The T-bills secondary market remained bullish, as the average yield declined by 3bps to 21.7%. Across the curve, the average yield contracted at the short (-6bps), mid (-1bp) and long (-2bps) segments driven by investors’ interest in the 86DTM (-30bps), 177DTM (-1bp), 331DTM (-2bps) bills, respectively. Meanwhile, the average yield expanded by 71bps to 21.5% in the OMO segment.
At the T-bill primary auction, the CBN allotted N508.98bn (US$747.68m) worth of bills.
The auction recorded total subscription of N1.59tn, compared with N914.05 at the previous auction, implying a bid-to-cover ratio of 2.49x (vs 3.33x last time).
The average stop rate at the auction increased by 23 basis points to 18.21%, up from 17.98% at the previous auction. Stop rates for short-term and mid-term bills increased by 26bps to 16.50% and 45bps to 17.45%, respectively, while the long-term slipped by 1bp. The secondary market closed bullish as the average yield for T-bills fell by 19bps to 21.97%.

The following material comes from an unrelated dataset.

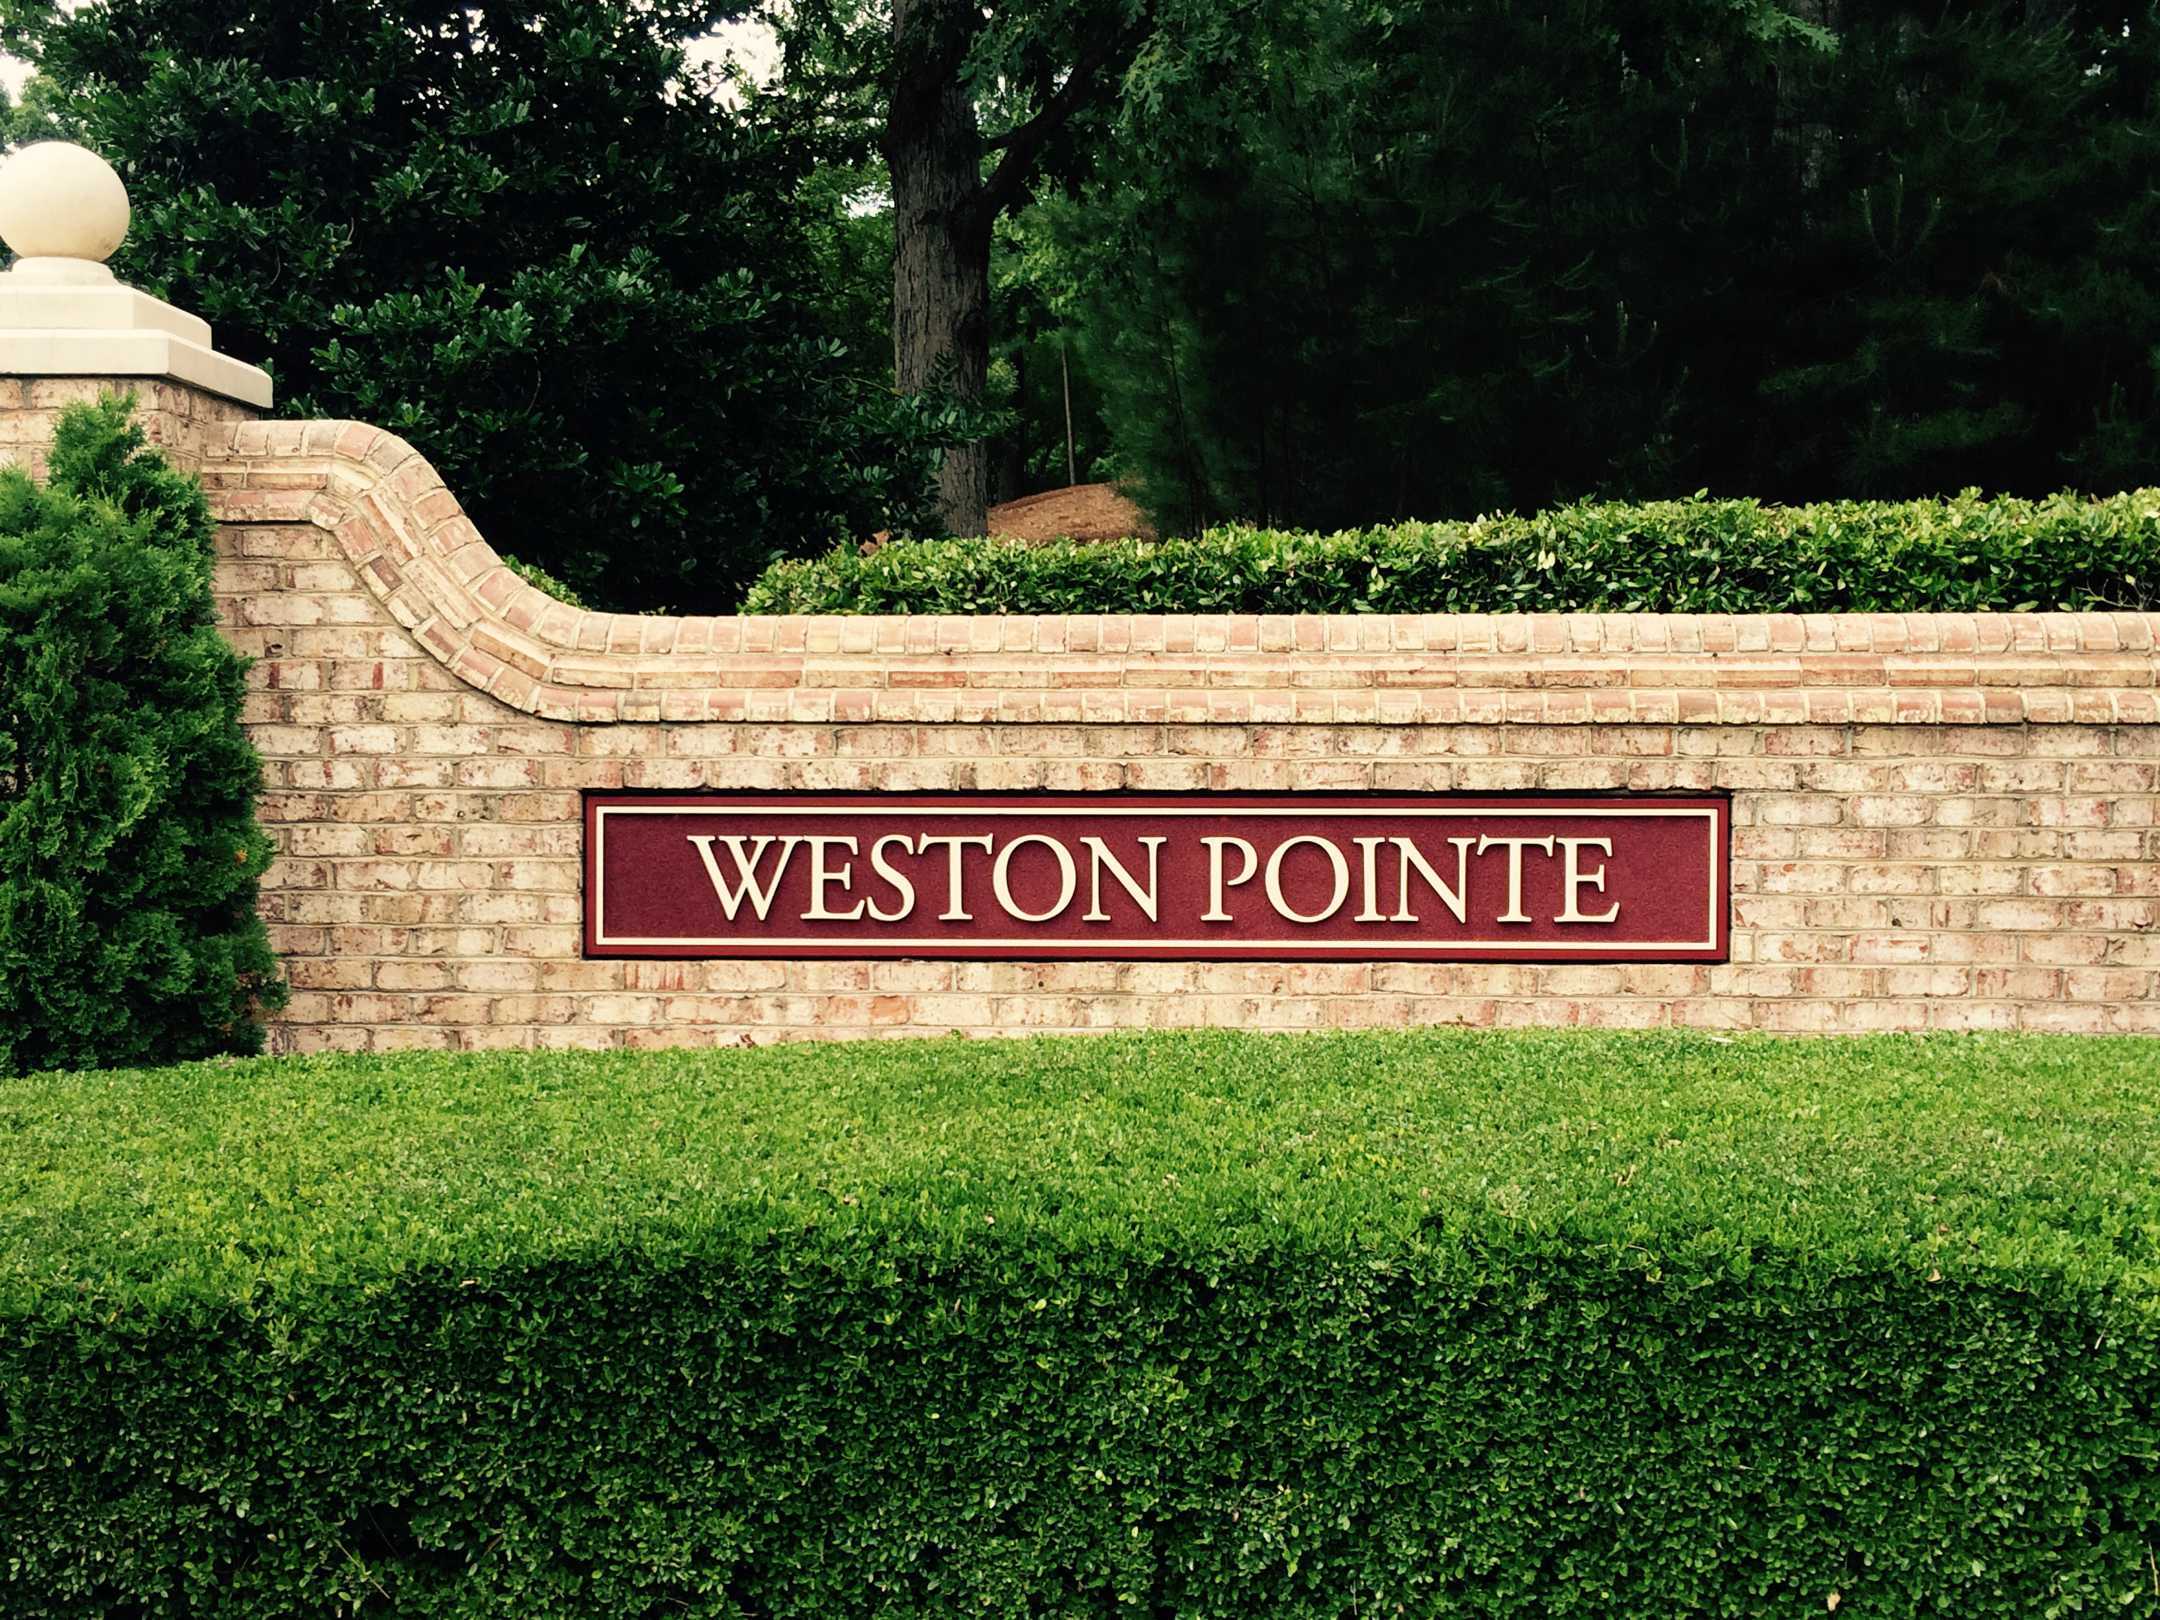 Entrance to Weston Pointe in Cary NC

At the money market, the overnight lending rate expanded by 64bps to 32.1%, in the absence of any significant funding pressure on the system.
Last week, the Central Bank of Nigeria (CBN) offered N500.00 billion (US$741.41 million) in an OMO auction across 95, 179 and 361-day tenors. The offer met increased demand as total subscription reached N1.16tn (bid-to-offer of 2.32x vs 0.57x at the previous auction).
Stop rates across the trio of maturities increased to 19.00%, 19.74%, and 22.49% (a yield of 29.0%), respectively.
Total sales equaled N1.16 trillion, 4.05x more than at the previous auction.